Slush is a two-stage model trained with high LoRA dropout, where stage 1 is a pretraining continuation on the base model, aimed at boosting the model's creativity and writing capabilities. This is then merged into the instruction tune model, and stage 2 is a fine tuning step on top of this to further enhance its roleplaying capabilities and/or to repair any damage caused in the stage 1 merge.

This is still early stage. As always, feedback is welcome, and begone if you demand perfection.

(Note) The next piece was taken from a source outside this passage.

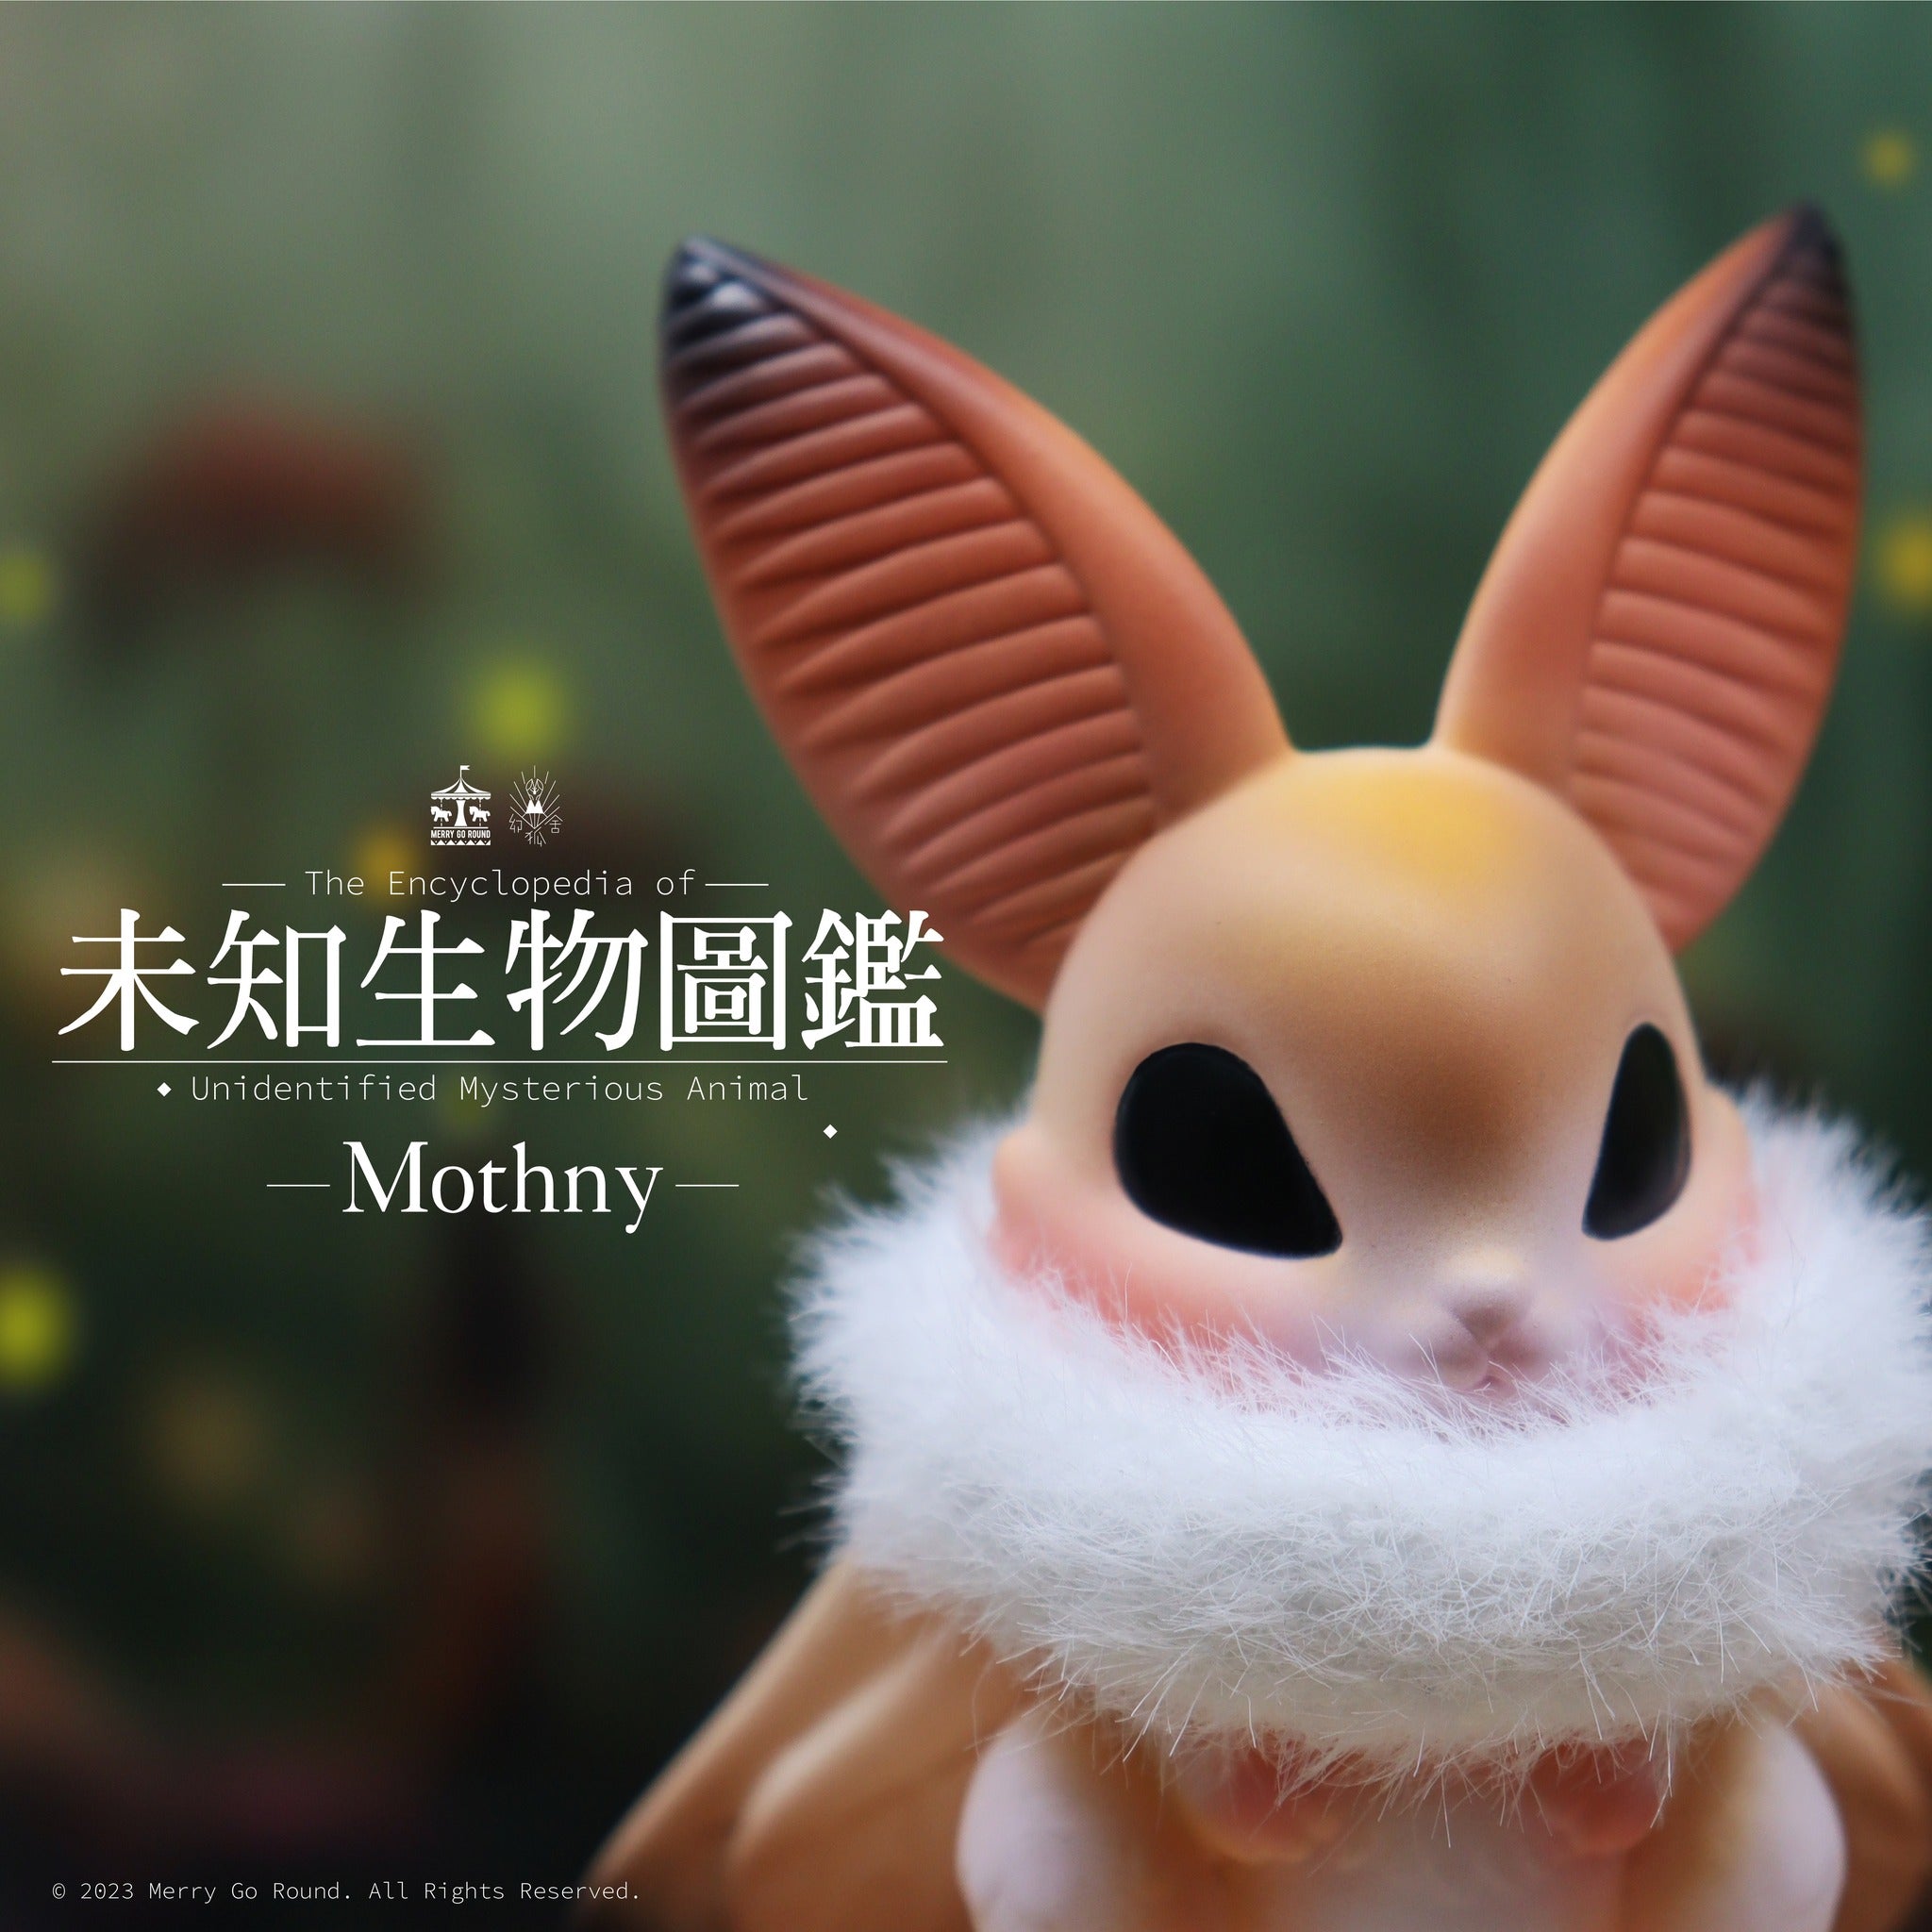 Mothny by Genkosha

The second stage, like the Sunfall series, follows the Silly Tavern preset (Mistral V2 & V3, though V3-Tekken works fine), so ymmv in particular if you use some other tool and/or preset.

Parameter suggestions:

I did all my testing with temp 1, min-p 0.1, DRY 0.8.

Training details:

Stage 1 (continued pretraining)
- Target: mistralai/Mistral-Nemo-Base-2407 (resulting LoRA merged into mistralai/Mistral-Nemo-Instruct-2407)
- LoRA dropout 0.5 (motivation)
- LoRA rank 64, alpha 128 (motivation)
- LR cosine 4e-6
- LoRA+ with LR Ratio: 15
- Context size: 16384
- Gradient accumulation steps: 4
- Epochs: 1
Stage 2 (fine tune)
- Target: Stage 1 model
- LoRA dropout 0.5
- LoRA rank 32, alpha 64
- LR cosine 5e-6 (min 5e-7)
- LoRA+ with LR Ratio: 15
- Context size: 16384
- Gradient accumulation steps: 4
- Epochs: 2

Merge Details

Merge Method

This model was merged using the TIES merge method using mistralai/Mistral-Nemo-Base-2407 as a base.

Configuration

The following YAML configuration was used to produce this model:

models:
  - model: stage1-on-instruct
    parameters:
      weight: 1
      density: 1
  - model: stage2-on-stage1
    parameters:
      weight: 0.7
      density: 1
  - model: mistralai/Mistral-Nemo-Instruct-2407
    parameters:
      weight: 1
      density: 1
merge_method: ties
base_model: mistralai/Mistral-Nemo-Base-2407
parameters:
  weight: 1
  density: 1
  normalize: true
  int8_mask: true
tokenizer_source: mistralai/Mistral-Nemo-Instruct-2407
dtype: bfloat16